Henry Liu, often known by his pen name Chiang Nan, was a Taiwanese-American writer and journalist. He was a vocal critic of the Kuomintang, then the single ruling party of the Republic of China in Taiwan, and was most famous for writing an unauthorized biography of Chiang Ching-kuo, then president of the Republic of China. He later became a naturalized citizen of the United States, and resided in Daly City, California, where he was assassinated by Bamboo Union members who had been reportedly trained by Republic of China military intelligence.

Marjorie M. Liu is an American New York Times best-selling author and comic book writer. She is acclaimed for her horror fantasy comic Monstress, and her paranormal romance and urban fantasy novels including The Hunter Kiss and Tiger Eye series. Her work for Marvel Comics include NYX, X-23, Dark Wolverine, and Astonishing X-Men. In 2015 Image Comics debuted her creator-owned series Monstress, for which she was nominated for an Eisner Award for Best New Series. In 2017 she won a Hugo Award for the first Monstress trade paperback collection. In July 2018 she became the first woman in the 30-year history of the Eisner Awards to win the Eisner Award for Best Writer for her work on Monstress, though she shared the award with writer Tom King, who won for his work on other books.

Ai-jen Poo is an American labor activist. She is the director of the National Domestic Workers Alliance. She is also the co-director of Caring Across Generations, a national coalition of 200 advocacy organizations working to transform the long-term care system in the US, with a focus on the needs of aging Americans, people with disabilities, and their caregivers.

Timothy Tau is a Taiwanese-American writer and filmmaker. Tau won the 2011 Hyphen Asian American Writers' Workshop Short Story Contest for his short story, "The Understudy", which was published in the Winter 2011 issue of Hyphen magazine, Issue No. 24, the "Survival Issue." Tau also won Second Prize in the 2010 Playboy College Fiction Contest for his short story, "Land of Origin". He has also directed a number of short films and music videos that have screened at various film festivals worldwide and on YouTube.

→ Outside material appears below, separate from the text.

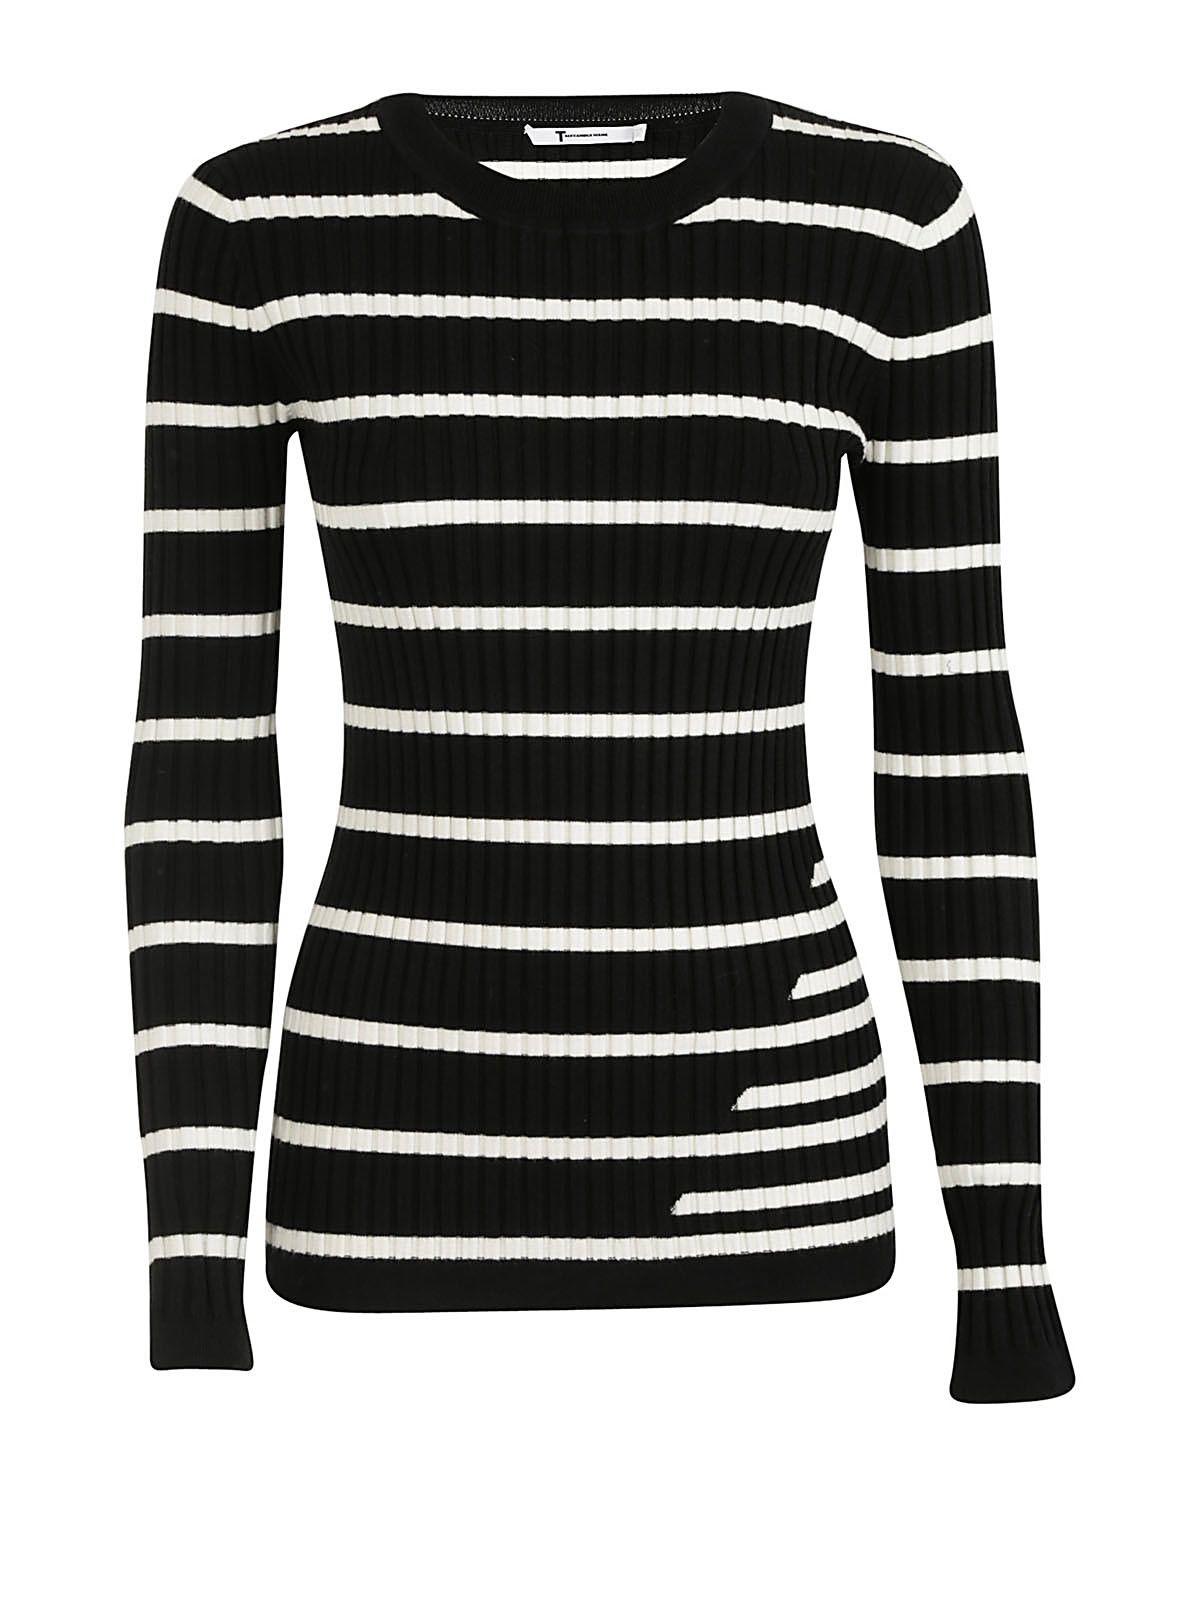 Alexander Wang Striped Knit Sweater

Timothy Shiou-Ming Wu is an American legal scholar and professor at Columbia Law School, and contributing opinion writer for The New York Times. He is known legally and academically for his enacted "Carterfone" proposal and other significant contributions to antitrust and wireless communications policy, and popularly, for coining the phrase network neutrality in his 2003 law journal article, Network Neutrality, Broadband Discrimination.

Alan Michael Yang is an American screenwriter, producer, director and actor. He was a writer and producer for the NBC sitcom Parks and Recreation, for which he received his first Emmy nomination. With Aziz Ansari, Yang co-created the Netflix series Master of None, which premiered in 2015 to critical acclaim. The series was awarded a Peabody Award, and at the 68th Emmy Awards in 2016, Yang and Ansari won for Outstanding Writing for a Comedy Series for Master of None and became the first ever writers of Asian descent to win in the category, which was also nominated in the Outstanding Comedy Series category. Yang also was the screenwriter of the 2014 comedy Date and Switch. In 2018, Yang co-created the Amazon Video series Forever.

Belle Yang is an artist, author, graphic novelist and children's book writer.

Jeff Yang is an Taiwanese-American writer, journalist, businessman, and business/media consultant who writes the Tao Jones column for The Wall Street Journal. Previously, he was the "Asian Pop" columnist at the San Francisco Chronicle.